One member of the man’s family was definitely not happy with the findings. He said he saw it differently, even though the DA used body camera to explain the ruling that backed the officers’ actions.
It was a scene that played out in broad daylight in the middle of a busy road.
Unified and West Valley Police were after 24-year-old Joseph Schultz, a wanted fugitive considered armed and dangerous, and Matthew Knowlden, 22, was with him.
When the chase ended, detectives said they arrested Schultz and two others, but Knowlden fled. He also had a gun.
“Officer Nelson stated that Mr. Knowlden raised the gun and pointed it north in the direction of where other officers would be arriving,” said Salt Lake County District Attorney Sim Gill.
Body camera footage from a West Valley City detective showed one perspective of the chain of events that followed.

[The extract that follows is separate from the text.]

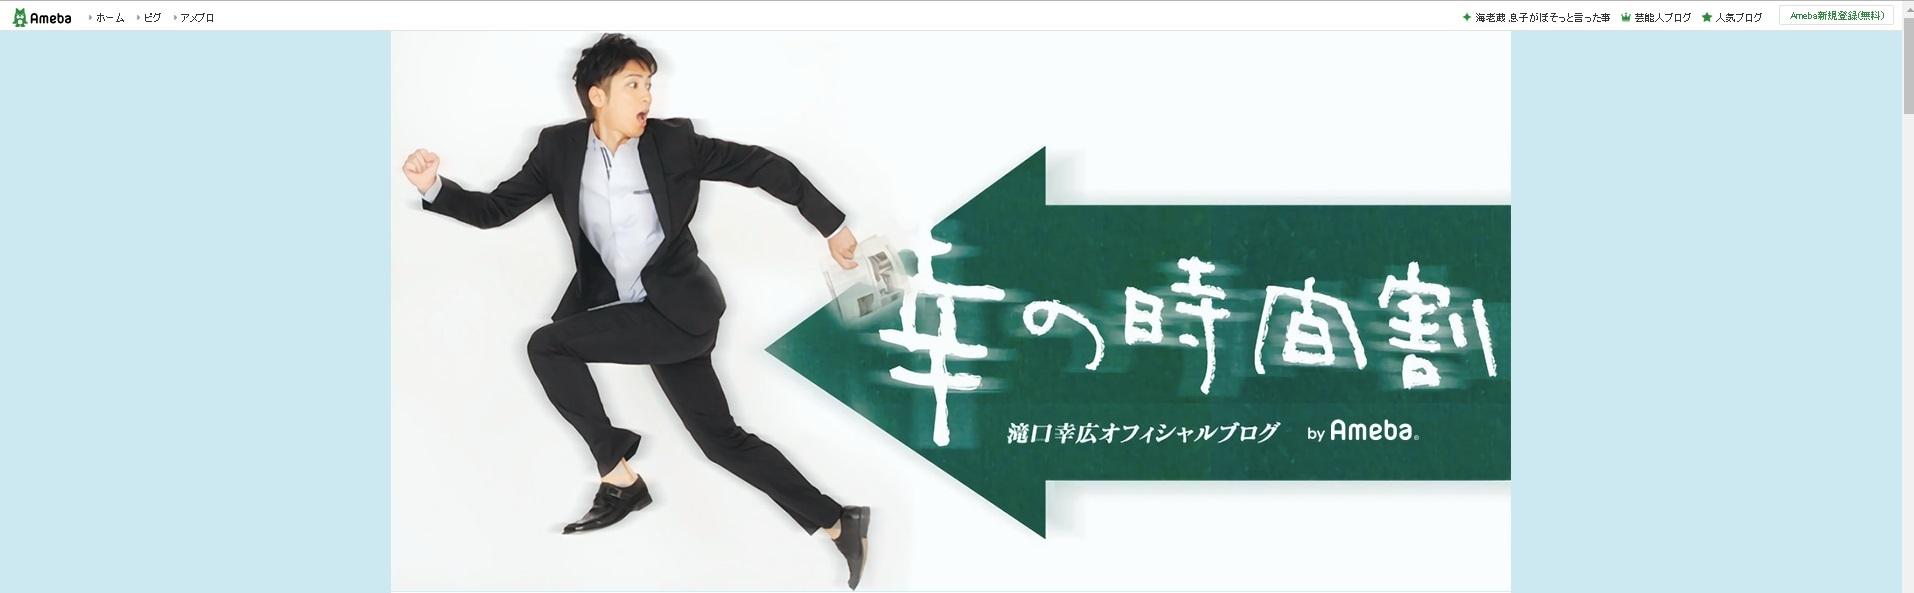 滝口幸広さんブログより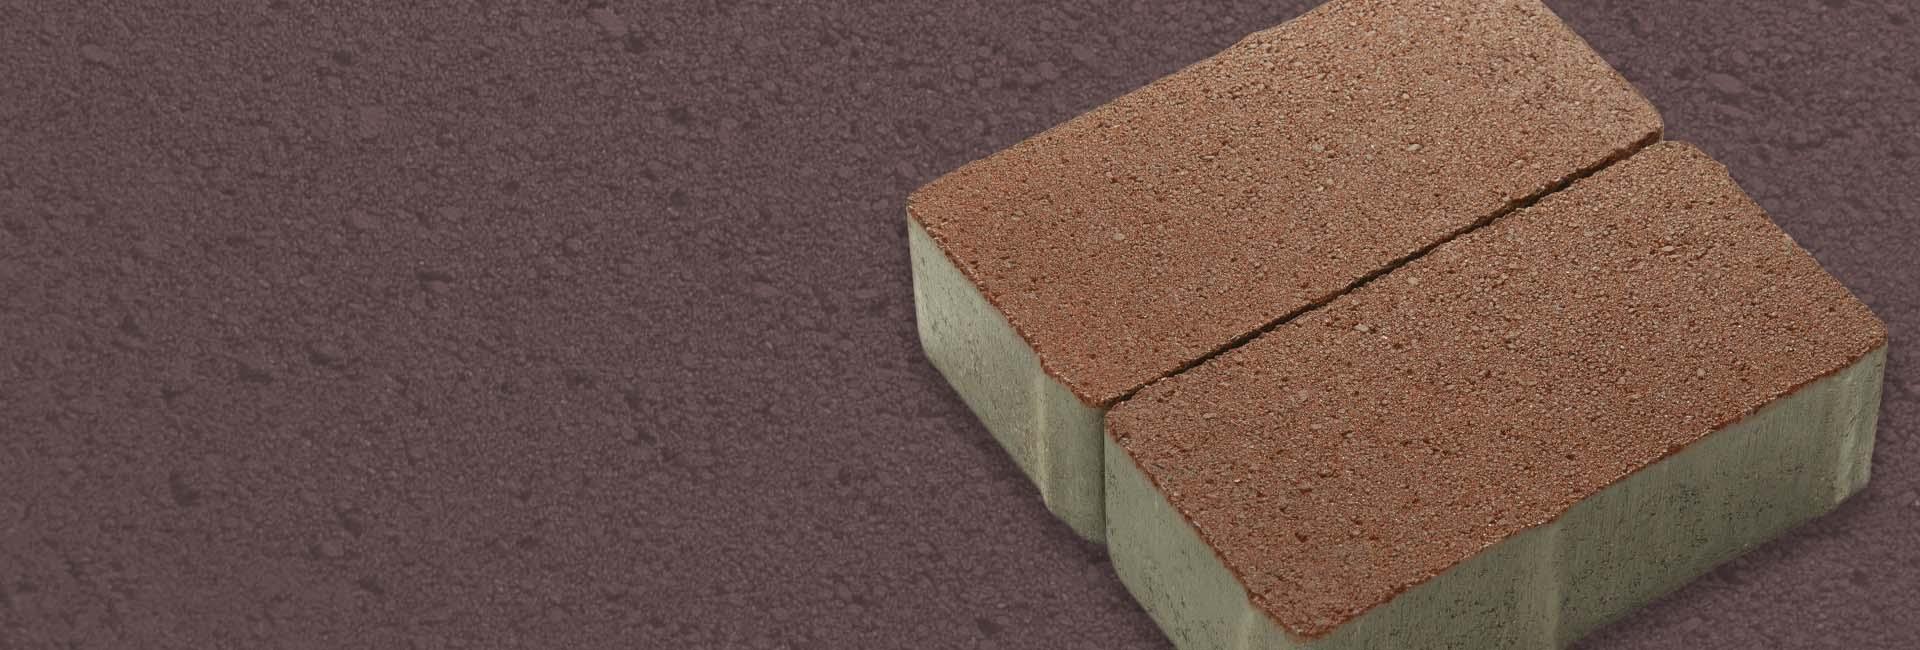 бетон вибропрессованием

“There’s other officers that said that they see him sort of doing this motion, like he’s trying to squeeze the trigger,” said Gill. “Officer Nelson fired 17 shots, Detective Belcher fired 7, and Detective Winslow fired 7.”
The District Attorney’s investigation found at least one officer believed Knowlden shot at her, which was impossible because the safety was on and there was no round in the chamber.
Still, the DA ruled the shooting legally justified, noting there was reasonable and legitimate concern for officer safety.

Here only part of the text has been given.